I do that too, unconsciously. That was very obvious when I was young, nowadays I am trying to stay true(er) to myself.


----------



## General Lee Awesome (Sep 28, 2014)

Fe is definitely the trait that make you a "Chameleon, because they are harmony seekers. although I do not conform, if you place me in different environments, you will find me talking about or doing things that's acceptable in that environment. Also I treat different people differently base on their individual personalities. there are some people I am playful with, and there people who I am more serious with, it all depends on who. Fi types do not do this, and I have a ISFP acquaintance that unknowingly push other people's buttons because she is unaware.


----------



## tanstaafl28 (Sep 10, 2012)

Noir said:


> I do that too, unconsciously. That was very obvious when I was young, nowadays I am trying to stay true(er) to myself.

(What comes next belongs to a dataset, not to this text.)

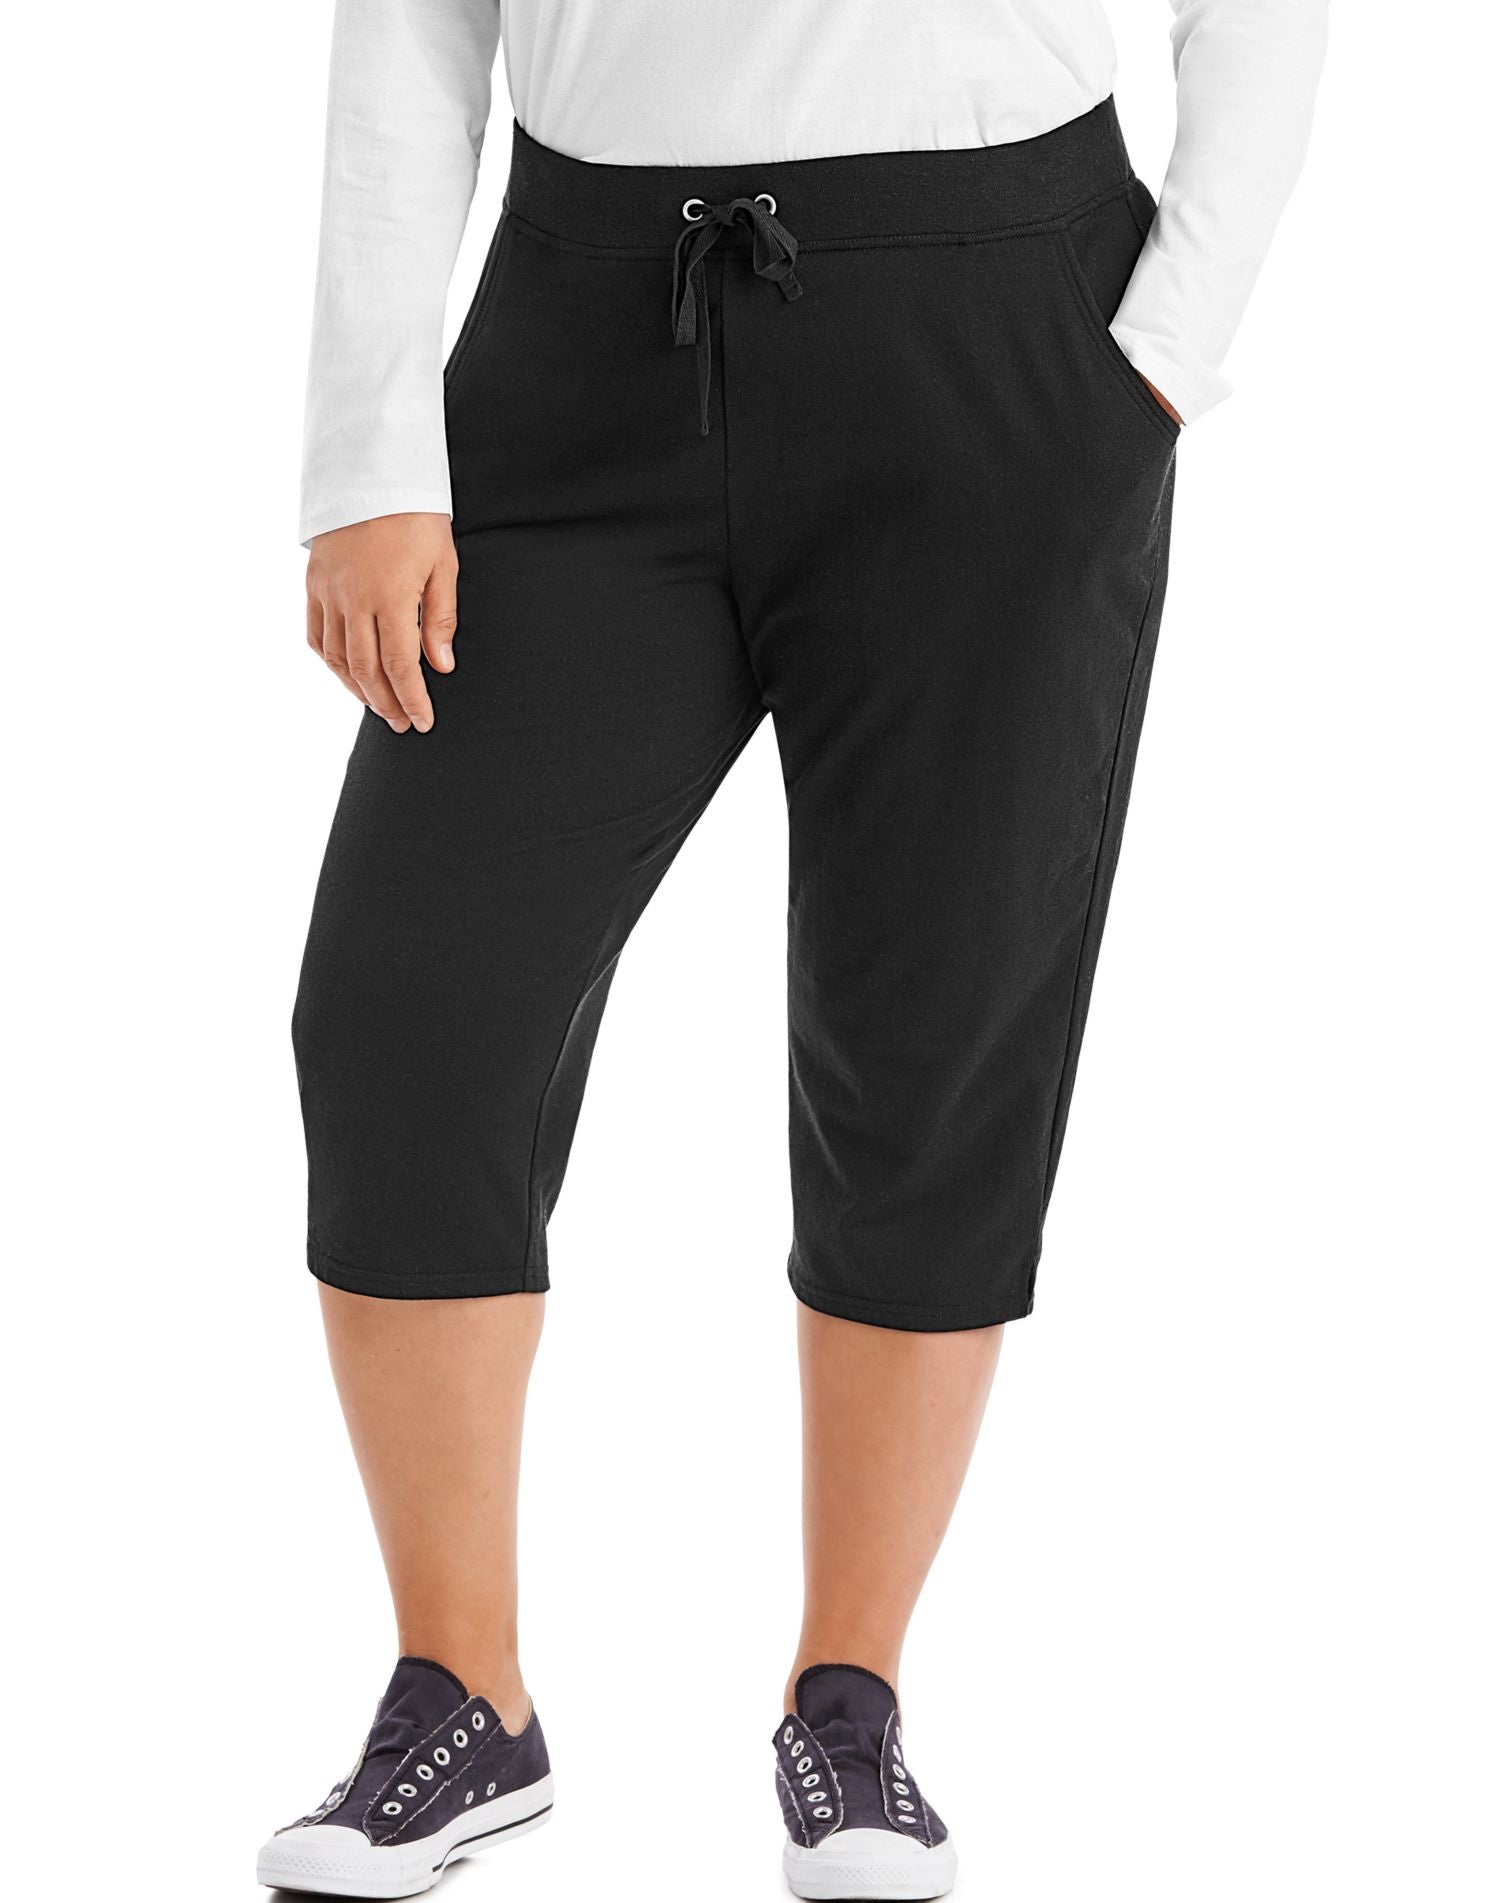 OJ185 - Just My Size Womens French Terry Capris

I have to find where I read this, but has to do with some people having a specific social trait that allows them to better communicate with others. They pick up and use language, colloquialisms, and accents, more quickly as a means of making interactions between different peoples easier. 

Humans 'subconsciously mimic other accents', psychologists claim


----------



## Ksara (Feb 13, 2014)

Xahhakatar said:


> That's kind of what I was trying to say. I suppose it could work that way, but I don't want to make people upset. I already make everybody upset.

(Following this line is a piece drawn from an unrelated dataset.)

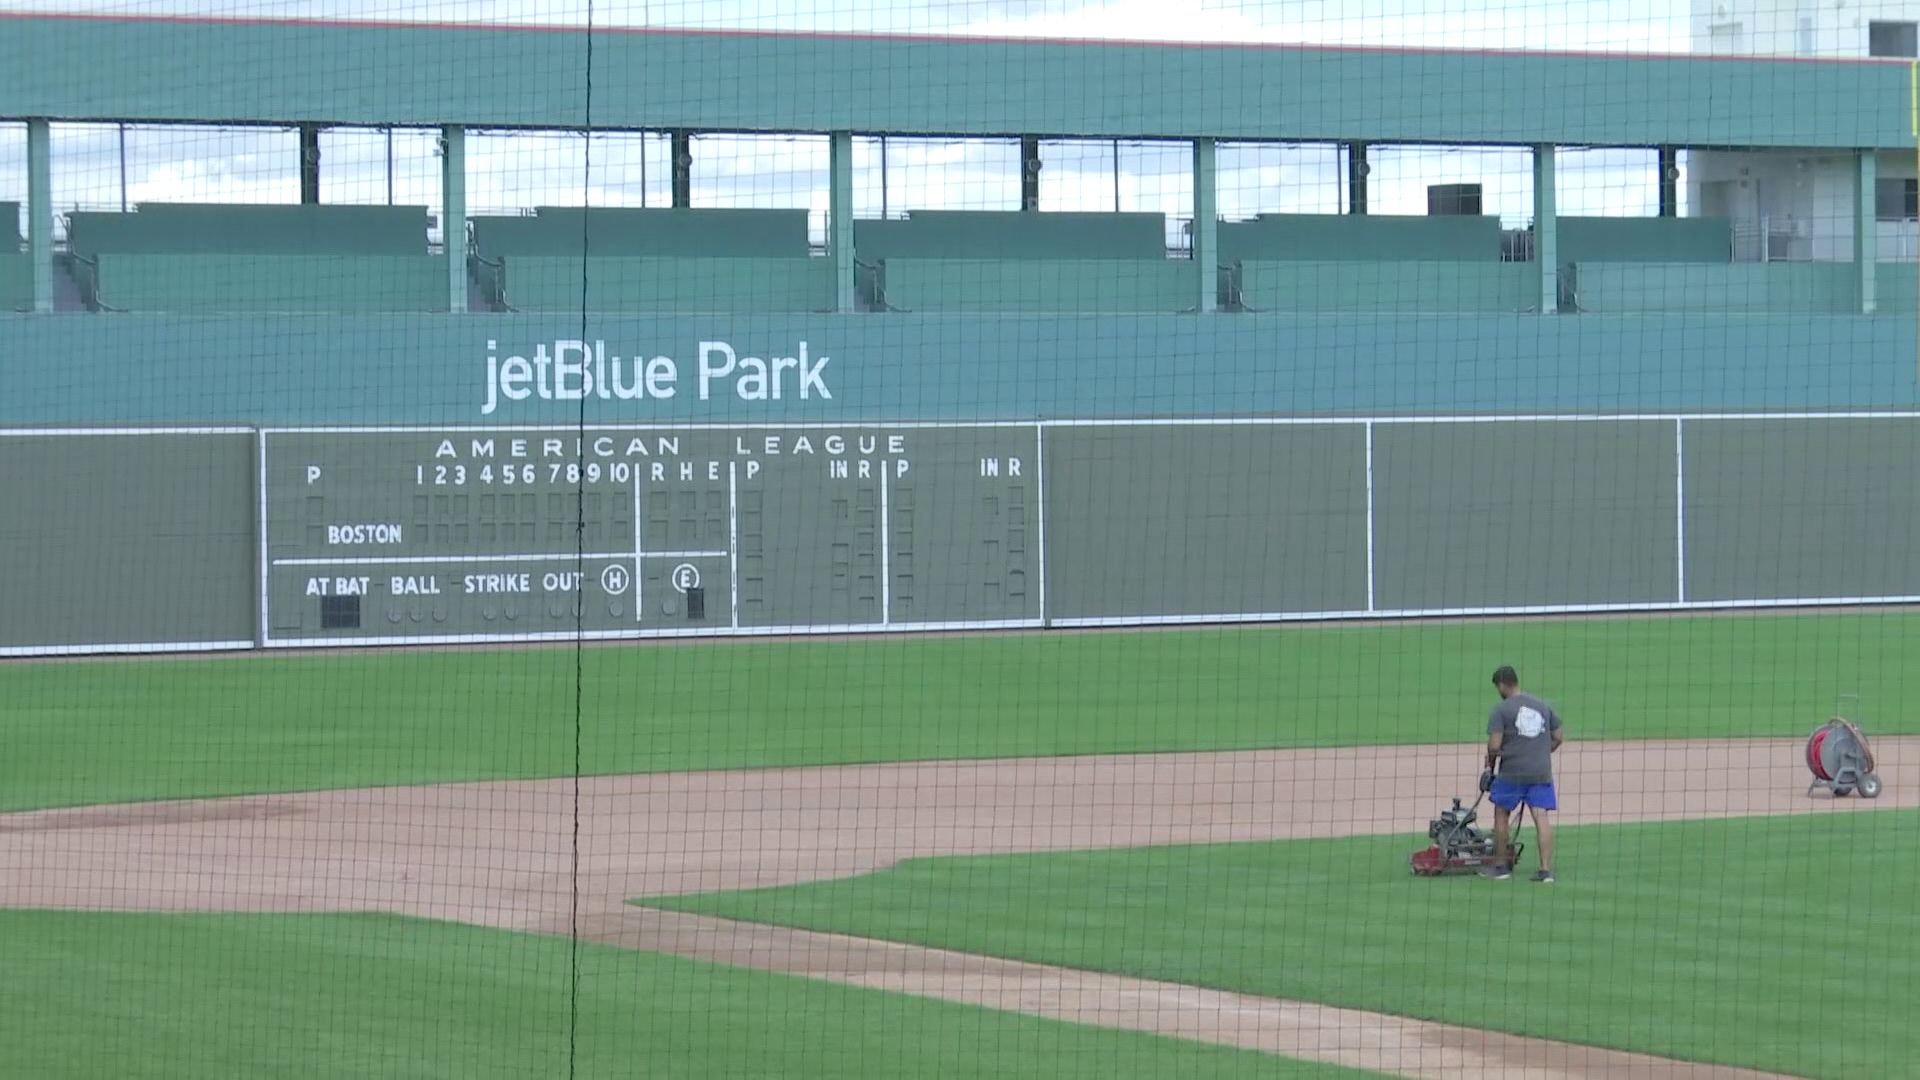 JetBlue Park at Fenway South preparing for Spring Training in

You didn't upset me, you didn't make everyone upset


----------



## Tetsuo Shima (Nov 24, 2014)

Ksara said:


> You didn't upset me, you didn't make everyone upset


Generally everybody. For example, it is currently Christmas, and my entire family is miserable because I'm whining because I want sympathy because my iTunes account is not working and not letting me buy songs that I tried to buy because my mom got me an iTunes card for Christmas that was more expensive than any of the games that I asked her to get anyways. It's never my fault, but I'm always the scapegoat.


----------



## Ksara (Feb 13, 2014)

slothpop said:


> My ISFP type 9 brother does that all the time. He likes to talk about video games. My sister and I (both Fe-users) have to "teach" him how to know when to stop talking about video games, since he doesn't recognize that other people get bored.


Yeah I do that, lately though it is about all the mbti stuff haha. I do try to find people I think would be interested in the subject, I don't however raise the subject again if it has been received negatively.

My dad does a similar thing too about any subject (once went on about the pizza tray he was holding in his hand haha). He's good at making small talk but talks a lot. I was thinking he may be an ISTP.
If Fe is to do with being a social chameleon I wonder how it's placement in the stack affects this blending in.


----------



## Ksara (Feb 13, 2014)

tanstaafl28 said:


> I have to find where I read this, but has to do with some people having a specific social trait that allows them to better communicate with others. They pick up and use language, colloquialisms, and accents, more quickly as a means of making interactions between different peoples easier.
> 
> Humans 'subconsciously mimic other accents', psychologists claim


I read somewhere that humans have mirror neurons. They allow us to subconsciously mirror other people. This helps us to know how others feel and allows us to emphasize. I think they may also help babies develop their emotions then feelings, that is copying others facial expressions and body language that they associate with emotions. I guess there is some truth to monkey see monkey do.


----------